Tools execute concurrently by default - 2-4x faster than sequential:

import time
from pydantic import BaseModel

class ApiRequest(BaseModel):
    query: str
    timeout: int

def slow_api_call(request: ApiRequest) -> str:
    time.sleep(1)  # Simulated API call
    return f"Result for {request.query}"

def fast_calculation(x: int, y: int) -> int:
    return x * y

# These execute in parallel (total time ~1 second)
result = client.chat.completions.create(
    model="gpt-4o-mini",
    messages=[{"role": "user", "content": "Call API with 'data' and calculate 10 * 5"}],
    tools=[slow_api_call, fast_calculation],
    parallel_tool_execution=True  # Default behavior
)

2. Structured Outputs (Like Instructor)

Get typed responses with Pydantic models:

class TeamAnalysis(BaseModel):
    people: List[Person]
    average_age: float
    top_skills: List[str]

result = client.chat.completions.create(
    model="gpt-4o-mini",
    messages=[{"role": "user", "content": "Analyze team: John (30, Python), Sarah (25, Go)"}],
    response_format=TeamAnalysis
)
print(type(result))  # <class 'TeamAnalysis'>
print(result.average_age)  # 27.5

3. Response Modes

Choose between simplified or full SDK responses:

# Simplified (default) - Direct content
response = client.chat.completions.create(
    model="gpt-4o-mini",
    messages=[{"role": "user", "content": "Hello!"}]
)
print(response)  # "Hello! How can I help you today?"

# Full SDK response
response = client.chat.completions.create(
    model="gpt-4o-mini",
    messages=[{"role": "user", "content": "Hello!"}],
    full_response=True
)
print(response.choices[0].message.content)  # Original SDK behavior

Advanced AI Capabilities

OpenAI Reasoning Mode

Seamlessly integrate reasoning with tools and structured outputs:

class AnalysisResult(BaseModel):
    solution: str
    reasoning_steps: List[str]
    confidence: float

result = client.chat.completions.create(
    model="o4-mini",
    reasoning_effort="medium",  # OpenAI reasoning
    messages=[{"role": "user", "content": "Analyze sales data and project 15% growth"}],
    tools=[calculate, analyze_data],
    response_format=AnalysisResult,
    parallel_tool_execution=True
)

Anthropic Extended Thinking

anthropic_client = toolflow.from_anthropic(Anthropic())
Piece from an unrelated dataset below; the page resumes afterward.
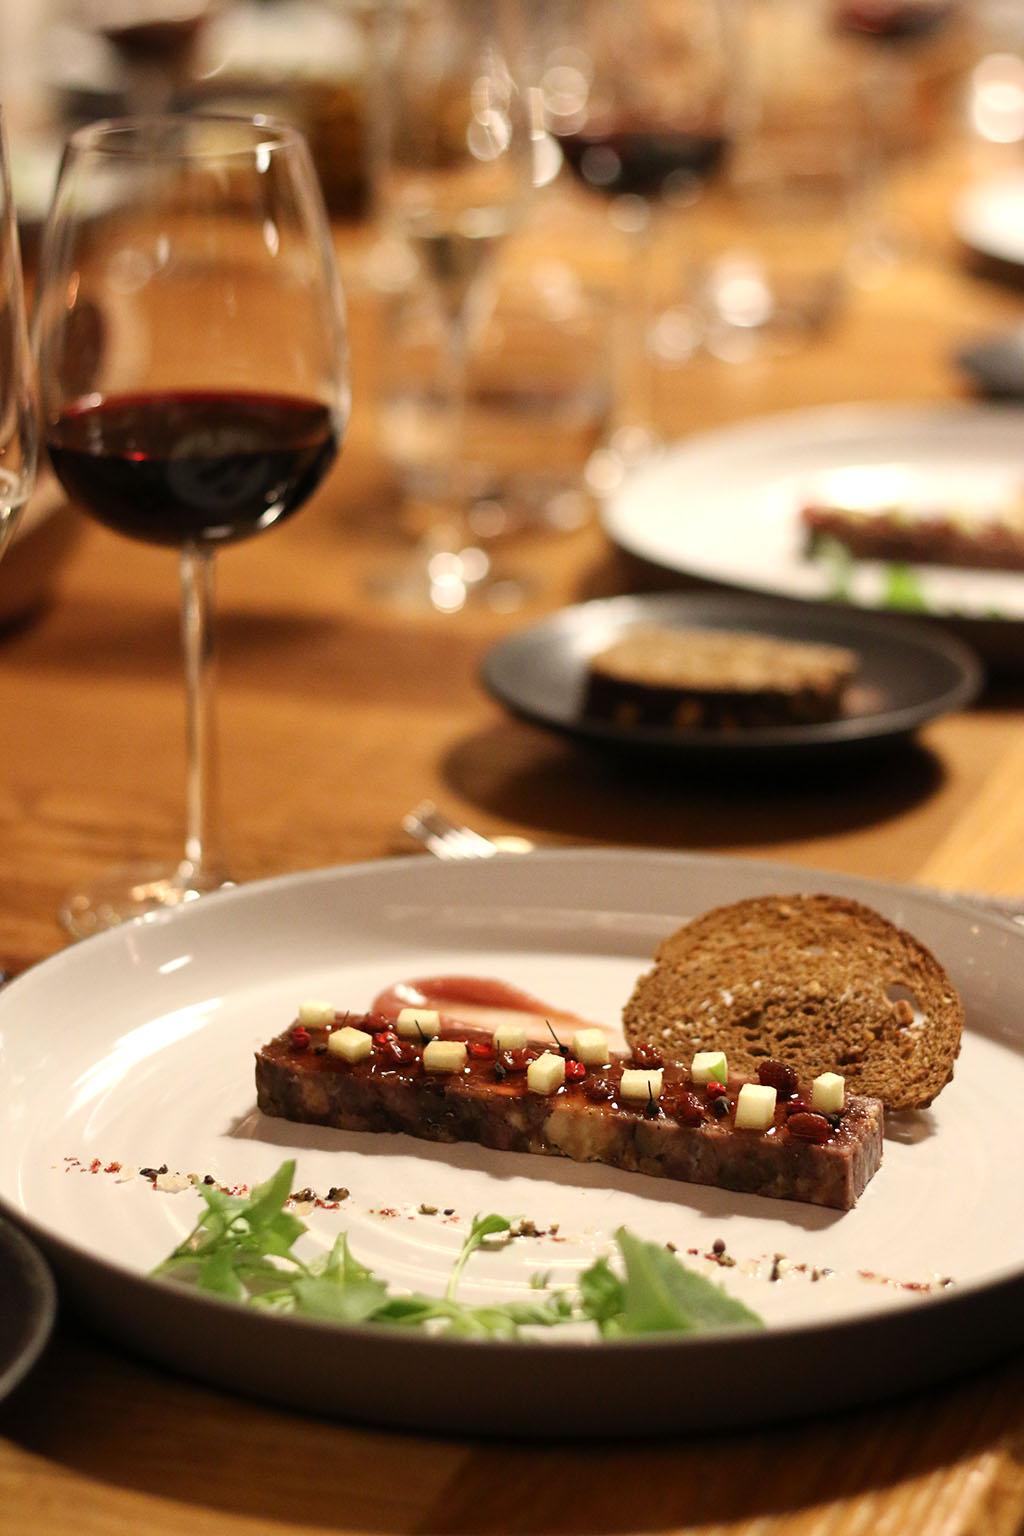 aubrge quintessence restaurant roubion provence alpes cote d'azur près de nice
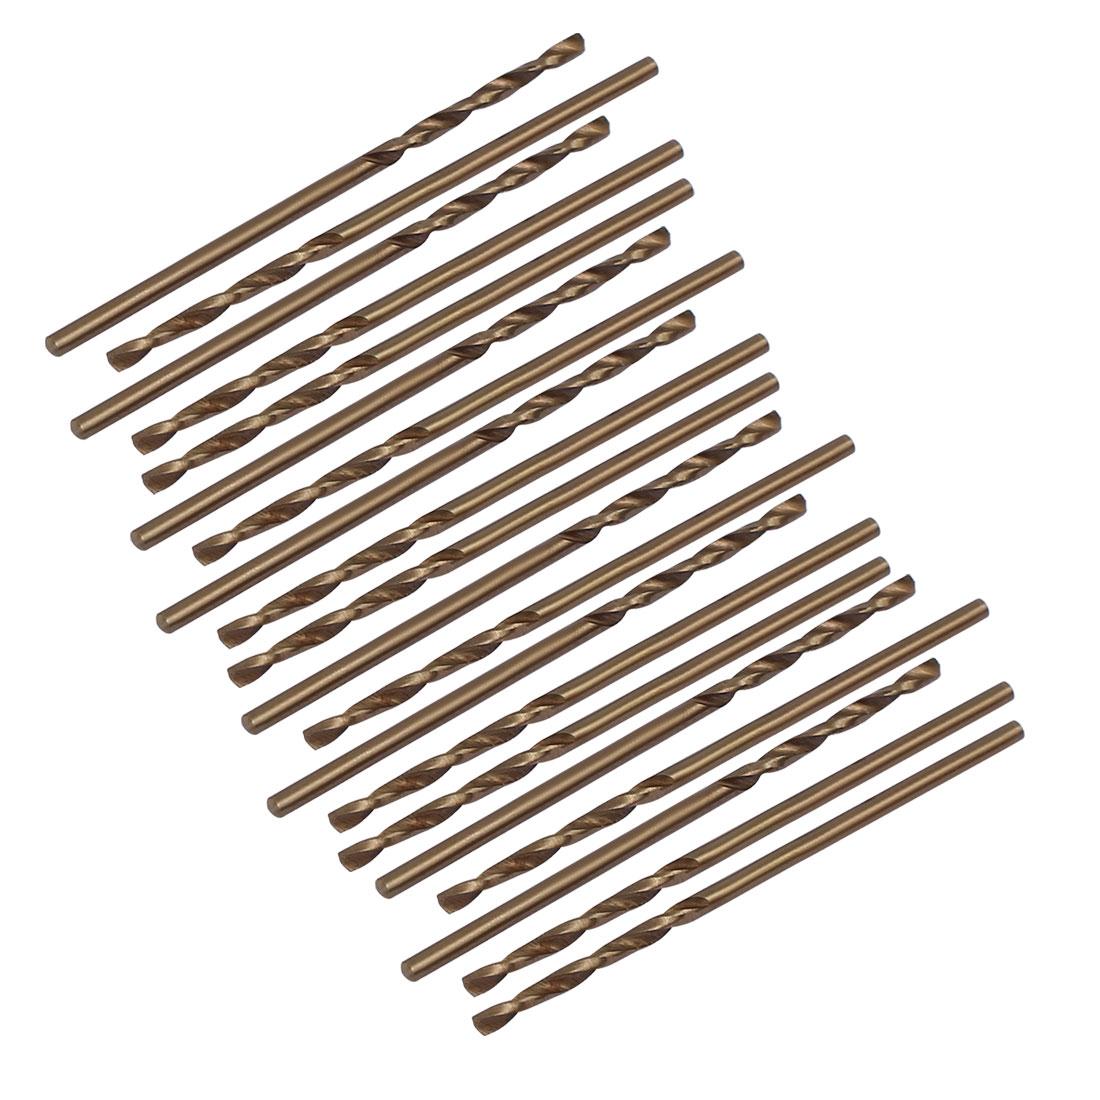 1.3mm Dia Split Point HSS Cobalt Metric Twist Drill Bit Drilling Tool 20pcs

result = anthropic_client.messages.create(
    model="claude-3-5-sonnet-20241022",
    thinking=True,  # Extended thinking mode
    messages=[{"role": "user", "content": "Research AI trends and provide recommendations"}],
    tools=[search_web, analyze_trends],
    response_format=ResearchFindings,
    parallel_tool_execution=True
)

Async Support

Mix sync and async tools with automatic optimization:

import asyncio
from openai import AsyncOpenAI

client = toolflow.from_openai(AsyncOpenAI())

async def async_api_call(query: str) -> str:
    await asyncio.sleep(0.5)
    return f"Async result: {query}"

def sync_calculation(x: int, y: int) -> int:
    return x * y

async def main():
    result = await client.chat.completions.create(
        model="gpt-4o-mini",
        messages=[{"role": "user", "content": "Call API and calculate 10*5"}],
        tools=[async_api_call, sync_calculation]  # Mixed sync/async
    )
    print(result)

asyncio.run(main())

Streaming

Streaming works exactly like the official SDKs:

# Simplified streaming
stream = client.chat.completions.create(
    model="gpt-4o-mini",
    messages=[{"role": "user", "content": "Write a story"}],
    tools=[search_web],
    stream=True
)

for chunk in stream:
    print(chunk, end="")  # Direct content

# Full response streaming
stream = client.chat.completions.create(
    model="gpt-4o-mini",
    messages=[{"role": "user", "content": "Write a story"}],
    stream=True,
    full_response=True
)

for chunk in stream:
    if chunk.choices[0].delta.content:
        print(chunk.choices[0].delta.content, end="")

Supported Types for Tools and Response Formats

Toolflow can turn almost any modern Python type hint into an OpenAI tool-schema—and then coerce the JSON payload into real Python objects when the tool executes.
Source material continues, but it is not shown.